The cumulative effect of these obstacles, combined with the range, variety and inherent difficulty of providing all the visual and acoustic effects, taken with the camera evidence, makes the hypothesis of wholesale faking by the same person so inherently improbable that the concept may seem offensive to common sense.

Discussion

Claims for the existence of a paranormal phenomenon are likely to be more readily accepted if they are not unique; and while I am not aware of any precise parallel for the creation of images inside a blanked-off Polaroid camera, there are precedents for the imprinting of images by mental means, whether from discarnate or human sources. Apart from the many examples given in the Scole Report, and the much larger number of pictures produced from still frames claimed by the Group themselves in advance of the arrival of SPR investigators, the most celebrated example of so-called thoughtography is of Ted Serios, as described by his mentor Dr Jule Eisenbud (Eisenbud, 1966). It is by no means the only example, however. Dr Tokichi Fukurai was an earlier pioneer (Fukurai, 1931).

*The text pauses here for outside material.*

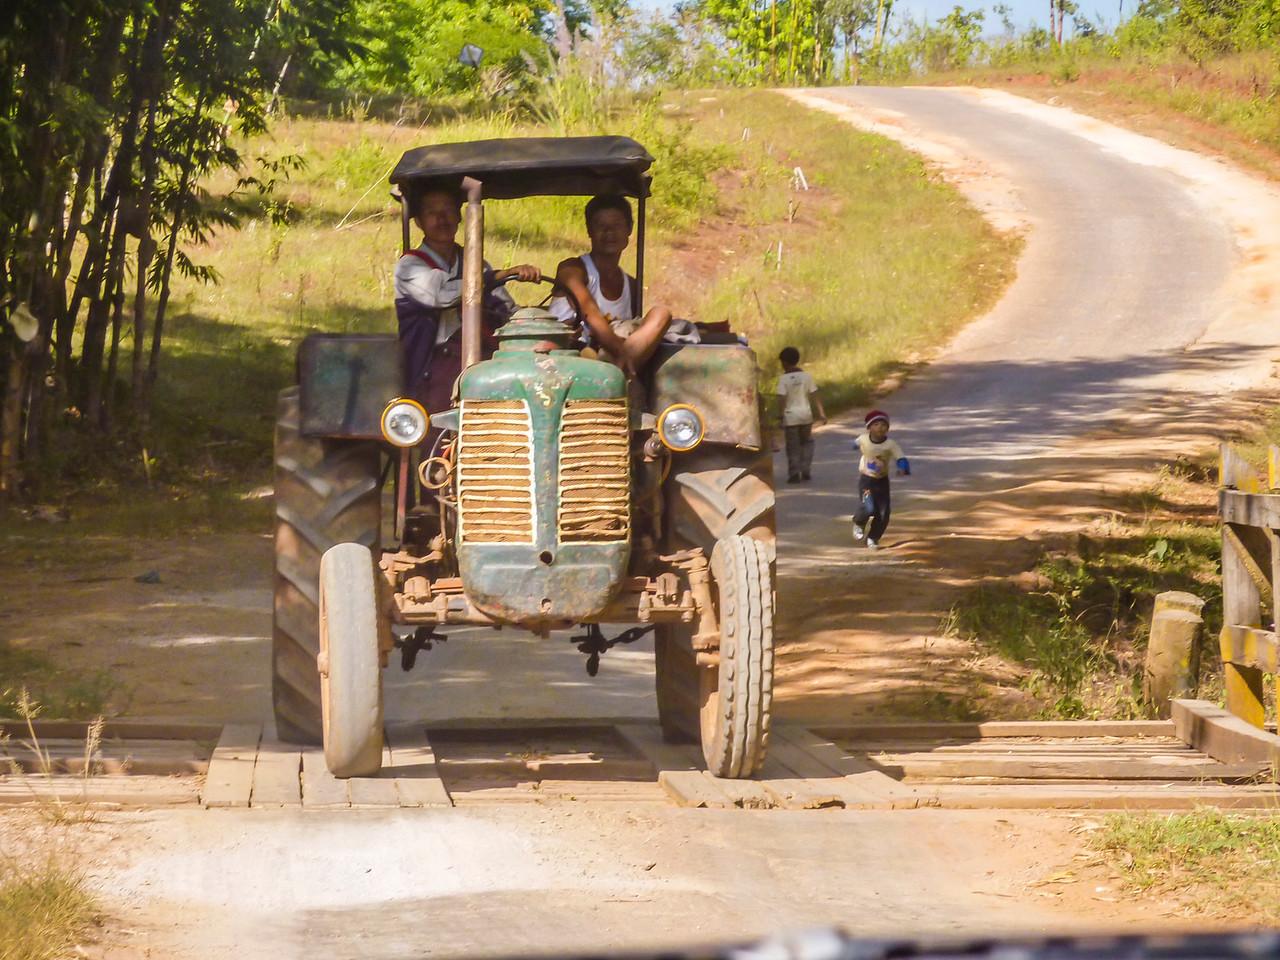 On the road in Myanmar 2009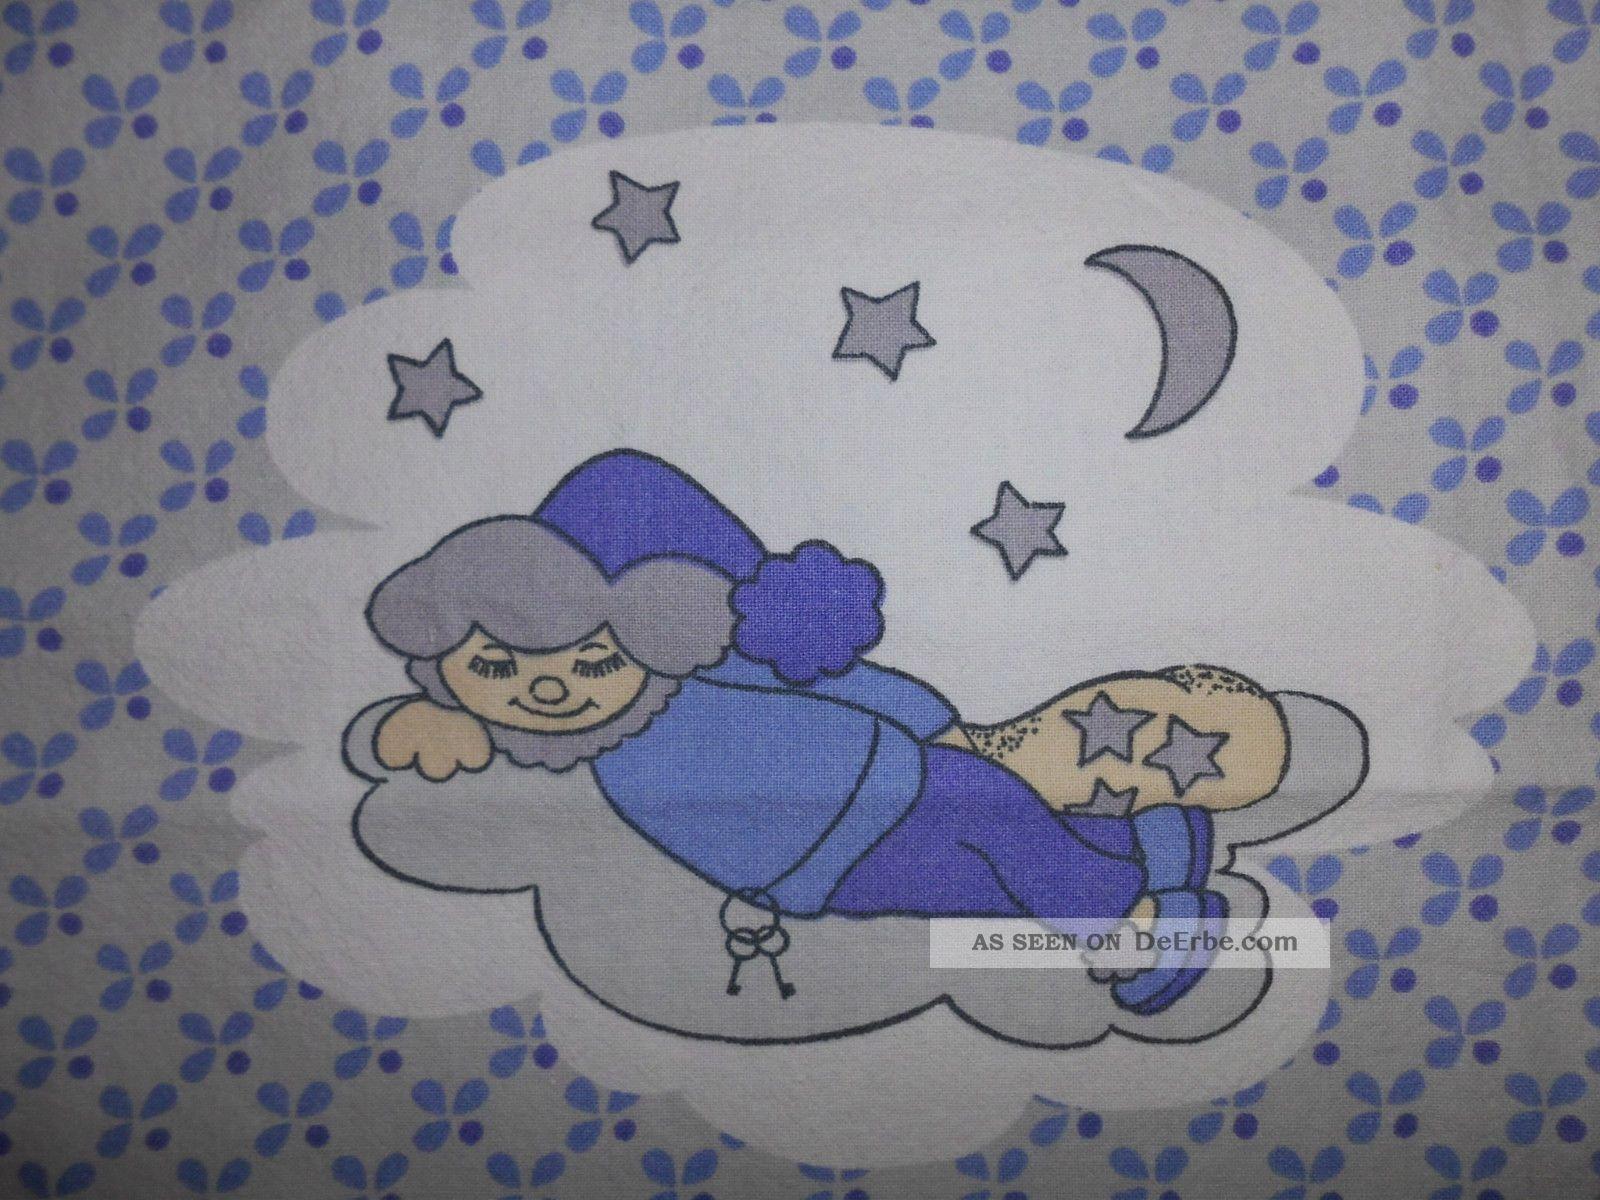 Sandmännchen Baby Kinder Bettwäsche Vintage 70er 80er Graziela - Ära Sandmann Süß 1970-1979 Bild

Despite the physical obstructions, the constant danger of exposure and the absence of any visible means to effect some of them, it could be argued that any one of these phenomena, taken separately, might have been possible, considering the absence of traditional precautions such as the physical constraint of the medium, the presence of reasonable light or infra-red video cameras. I have already referred to the importance of the bundle-of-sticks argument, but it must be observed that, for some of these individual phenomena, fraud would appear very unlikely: in particular the fork-bending and net-scorching, both of which would have required tools for on-the-spot employment. It is also relevant to bear in mind the background and personalities of the people under suspicion. Any deception would have to have been carefully prepared, and known to all the participants. Mrs Wehling and her late husband were known as respectable SPR members, with no history of fraud or magicianship.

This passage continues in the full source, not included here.